* Exercise aim
Word for word, print out all of the data, omitting every image.

* Input data
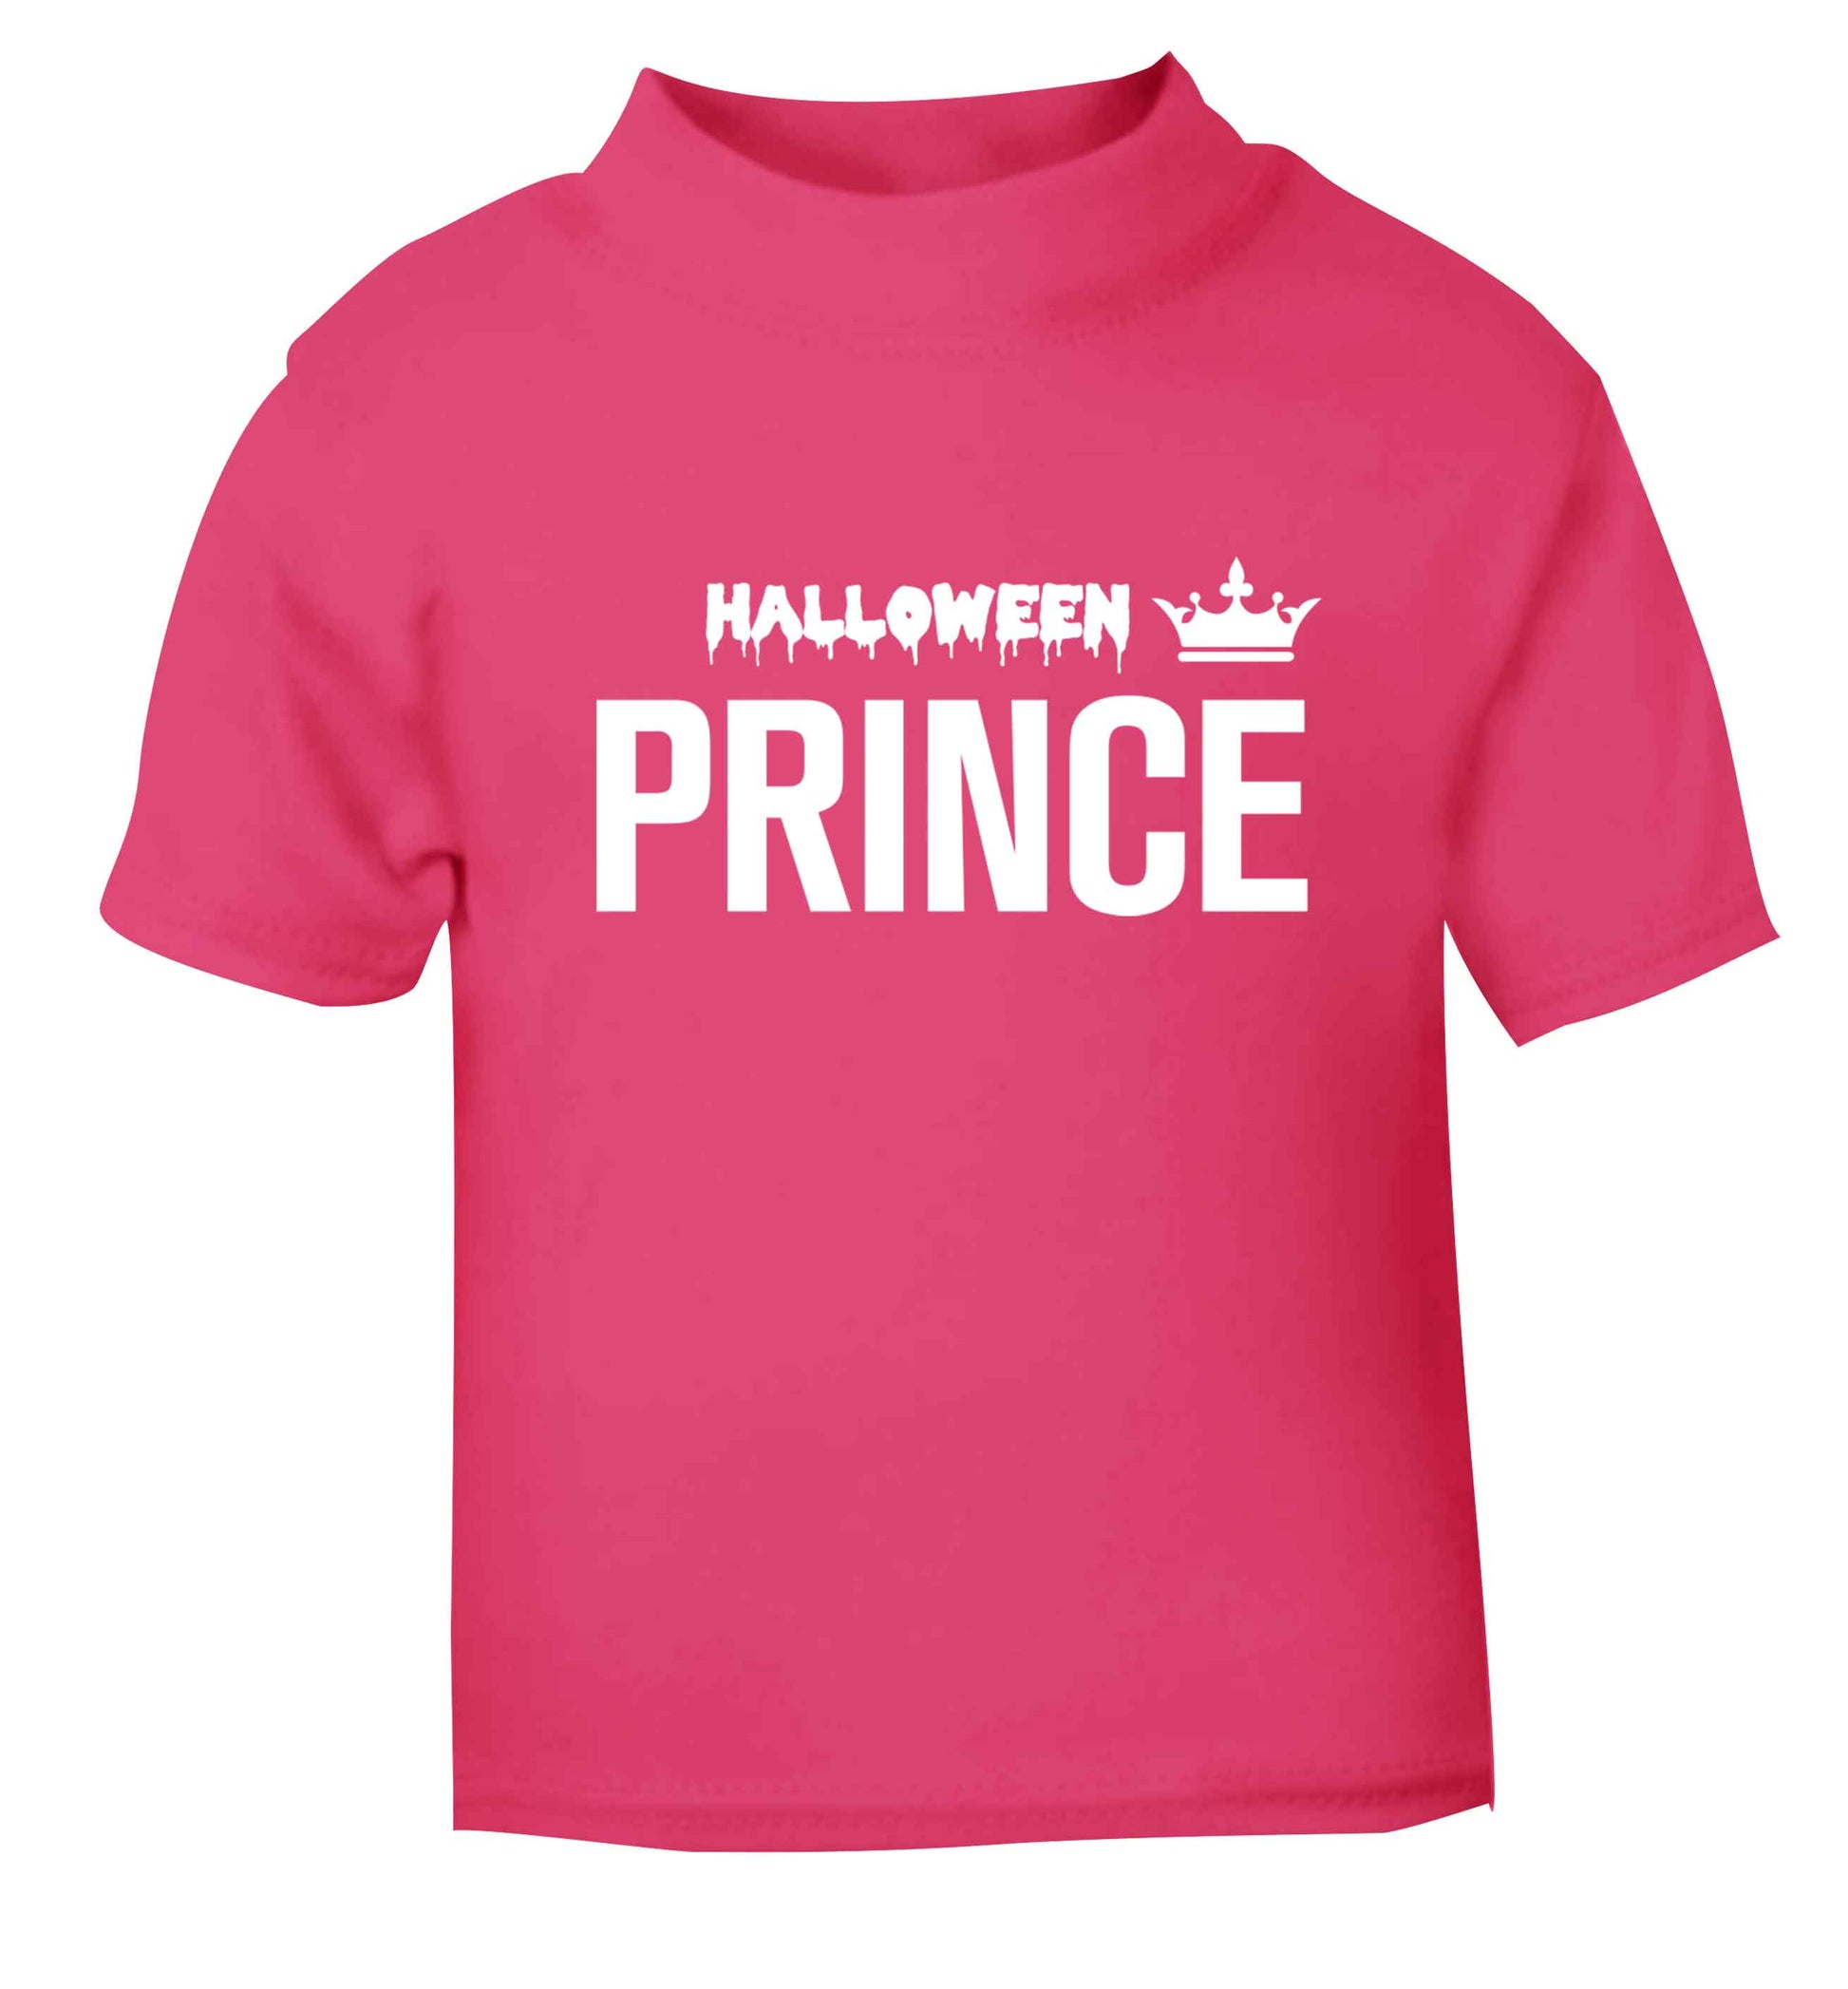 Halloween prince pink baby toddler Tshirt 2 Years
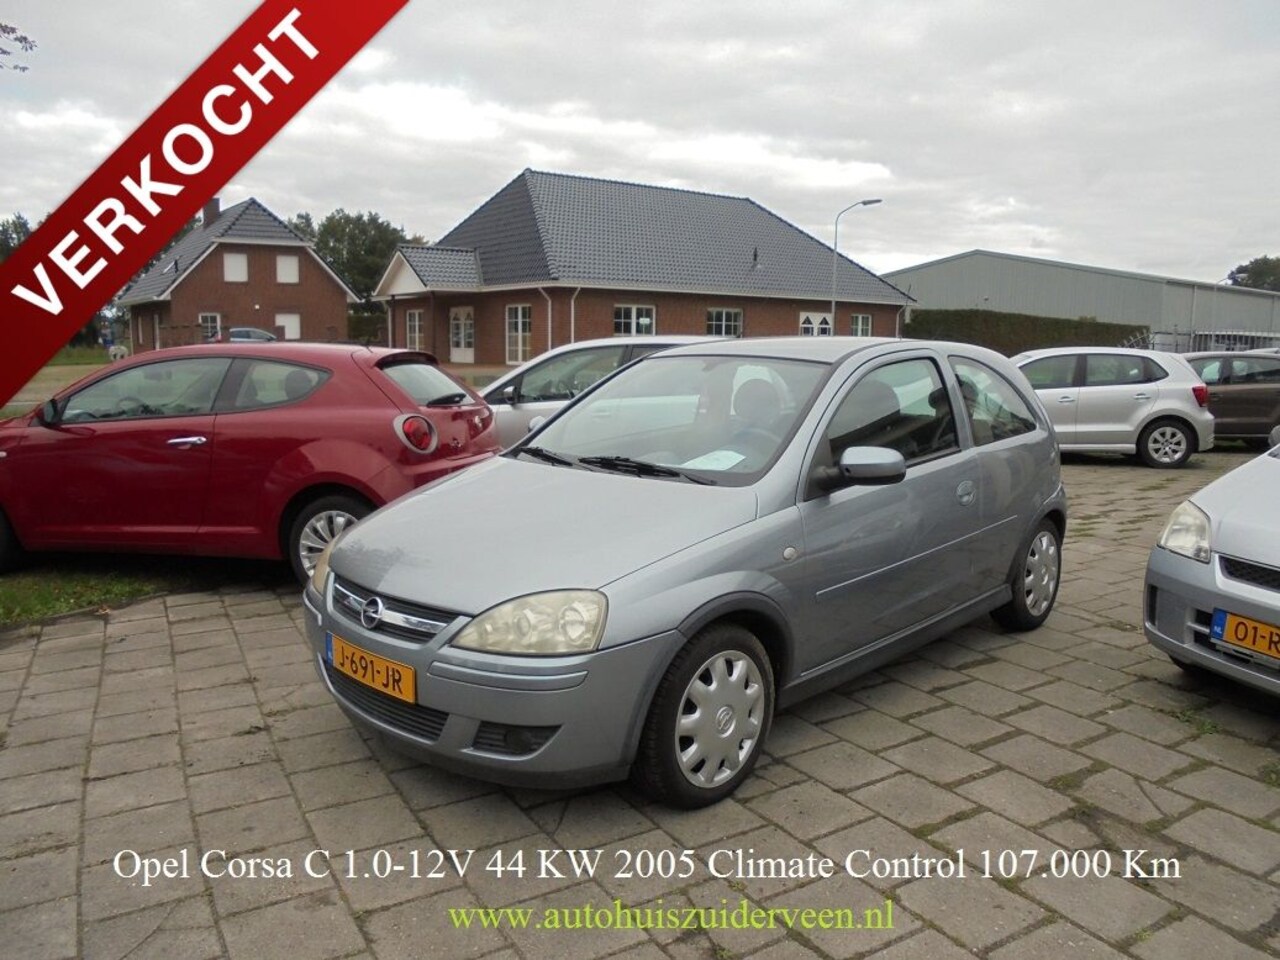 Opel Corsa - 1.0-12V 2005 Climate Control 107.000 Km - AutoWereld.nl
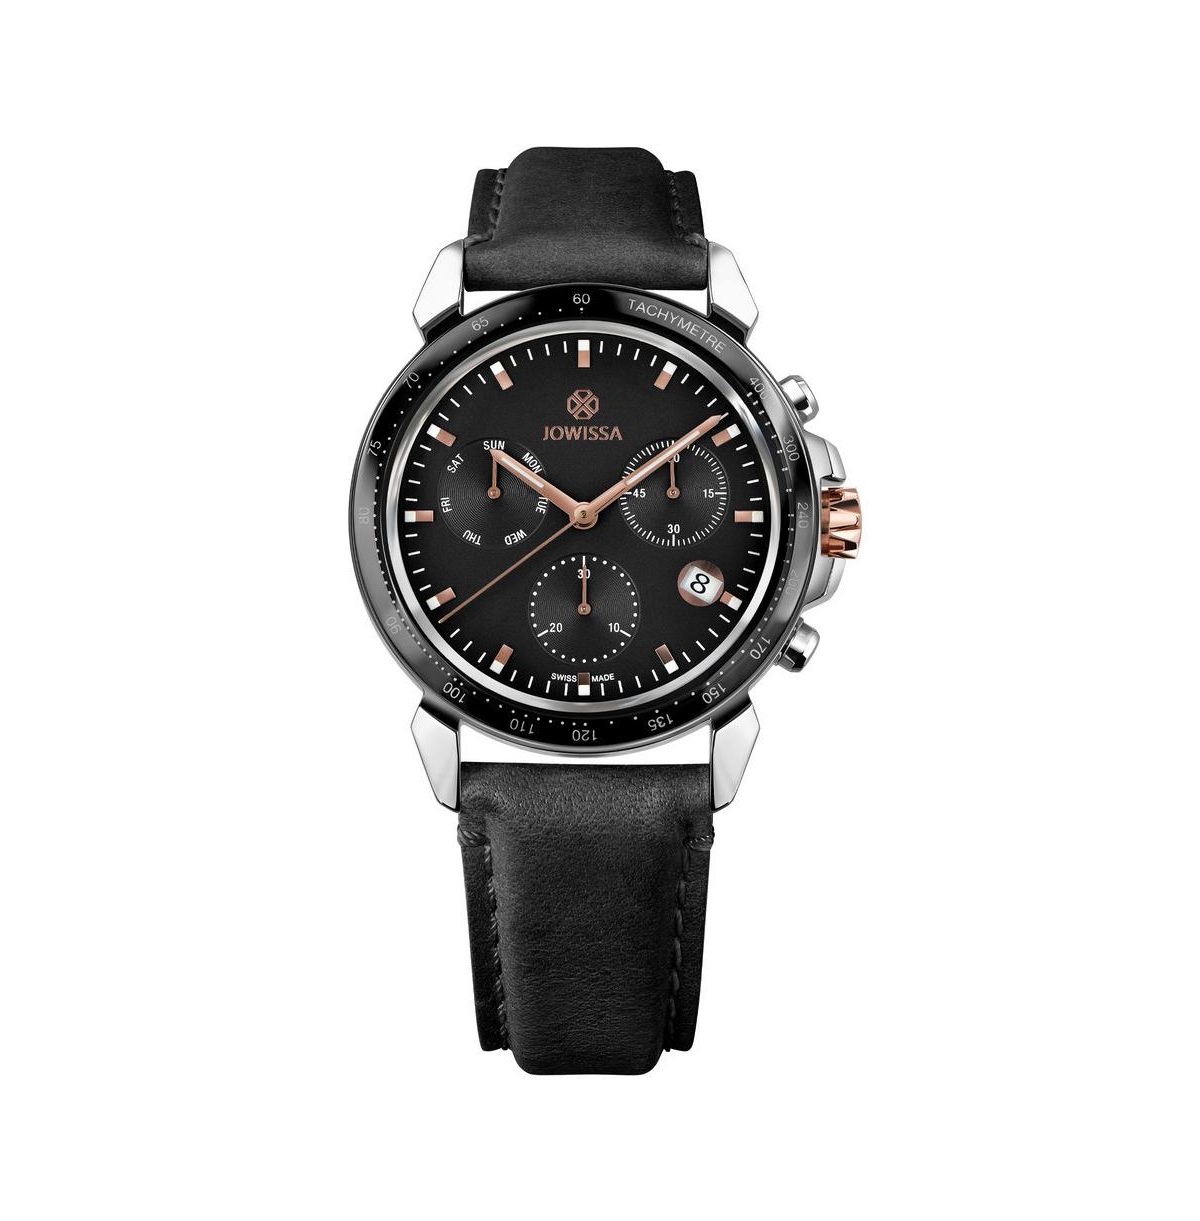 LeWy 9 Swiss Men's 42mm Watch - Black & Rose Gold Dial - Black

* Written solution
 Halloween prince pink baby toddler Tshirt 2 Years
 Opel Corsa - 1.0-12V 2005 Climate Control 107.000 Km - AutoWereld.nl
 LeWy 9 Swiss Men's 42mm Watch - Black & Rose Gold Dial - Black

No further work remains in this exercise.